We use a wiki in our IS dept at work. The Sys Admins and DBA's love it but the PC/Desktop techs refuse to use it. They claim it won't help them...but they're currently using out-dated text databases for stuff so I don't see why it wouldn't. If anything it'd make it easier because they don't have a very good search function for all that old stuff :-)
I've attempted to use wikis on a number of programming projects over the past decade, and participated in some just for discussions. One or two grew and attracted enthusiastic participation, at least until the topics were exhausted. But most of these attempts have failed because not enough people were interested in using the wiki to make it worth the effort. There seems to be a threshold in the number of users needed to make it work and continue to be used. On some, there'd be an initial enthusiasm with half a dozen people participating, but it would gradually drop back to one or two users and then die. On ohers, one just couldn't interest people in participating. Partly this is because the wiki concept was new and people didn't feel like climbing another learning curve. Partly it was because the technology was rather primitive. Modern wiki's are easier to use; especially important is the ability to add attachments, as drawings and charts are important aspects of conveying designs -- when they couldn't be added to the wiki, the wiki became "extra work" instead of the primary means of communicating -- email became preferred.
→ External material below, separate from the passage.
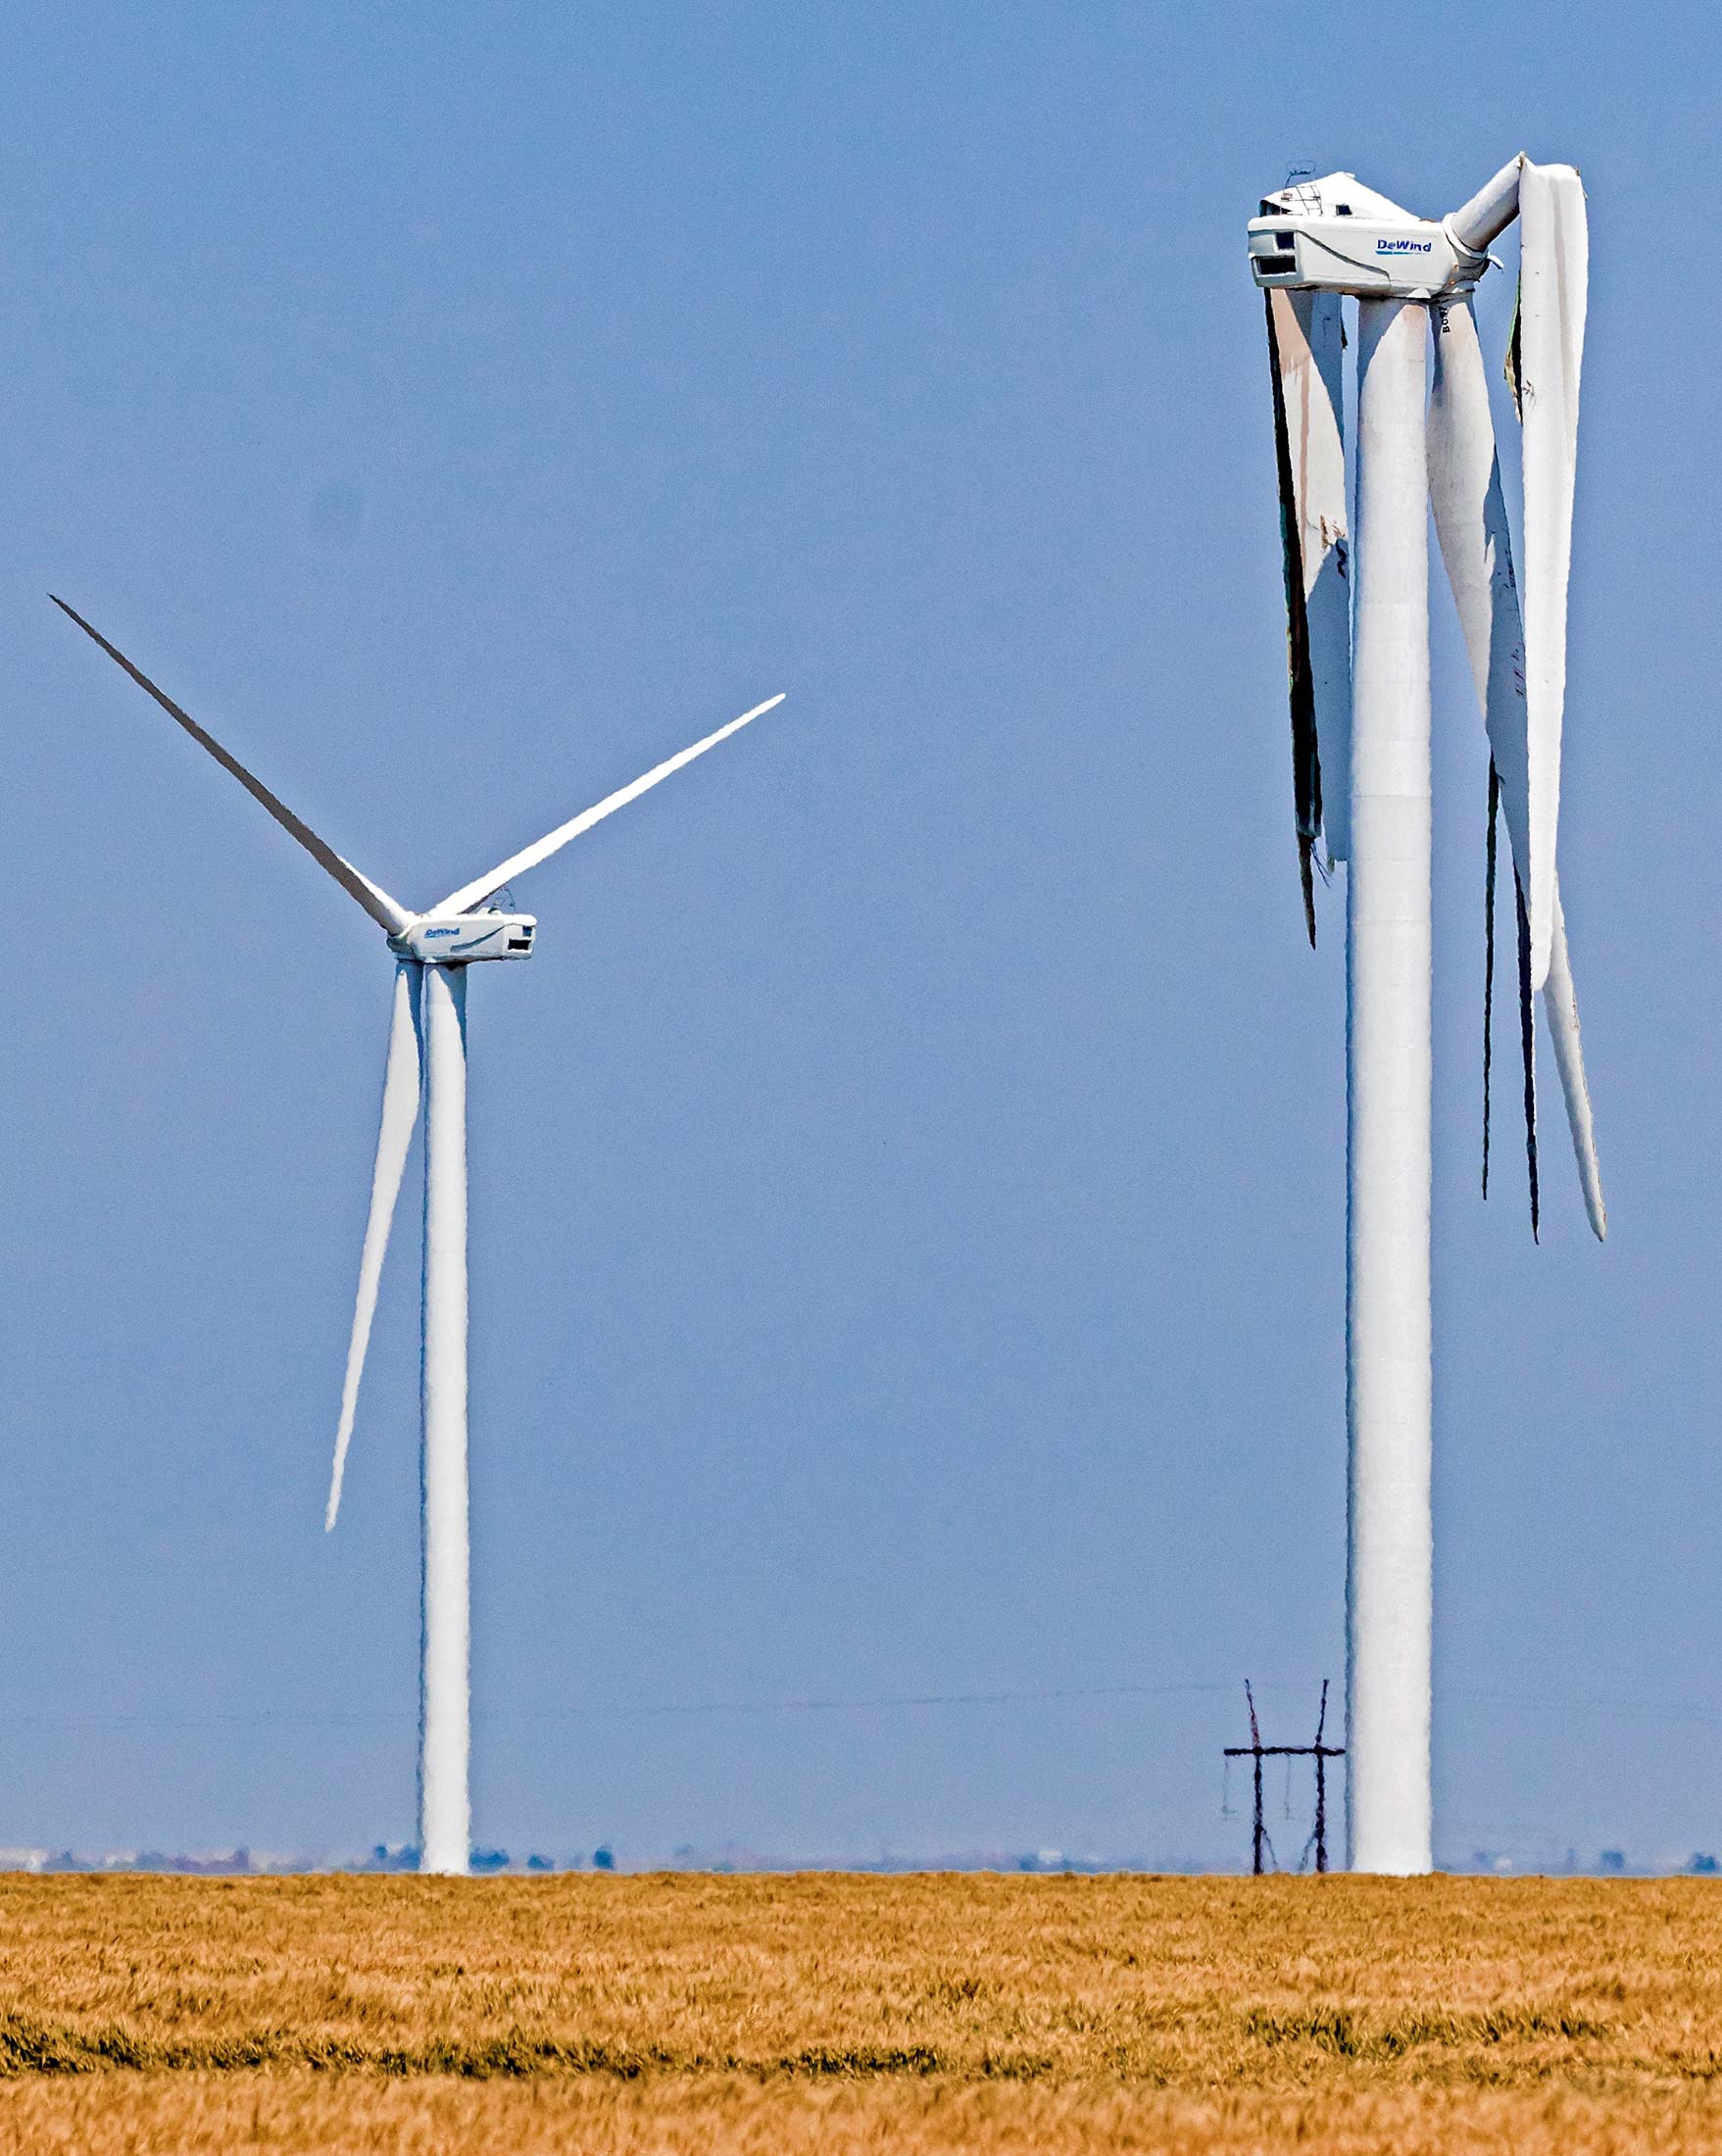 Wind power industry faces size problem as blades get longer than

Clearly, the number of people participating is limited by the size of the pool of potential users, only some of whom will use it. So something like Wikipedia has a better chance of success than a project that's of interest to at most 10 people. The value will depend on how easy it is to communicate otherwise. If everyone is in the same building and see each other frequently, it's less likely to succeed than if the same number of people are geographically dispersed or work different hours.
Joe
I looked after an internal wiki pilot here in the UK in a large organisation until I left a couple of months ago. We started towards the end of 2004 making the wiki available to all people in the organisation, not just programmers or project managers. By deliberately keeping it low key and evangelising on a personal level to any who would listen we slowly built usage.
Important things in making it a success:
Numbers do make a difference. There comes a tipping point where many more people start piling in because that's where the action is. Getting to the tipping point is the tricky bit.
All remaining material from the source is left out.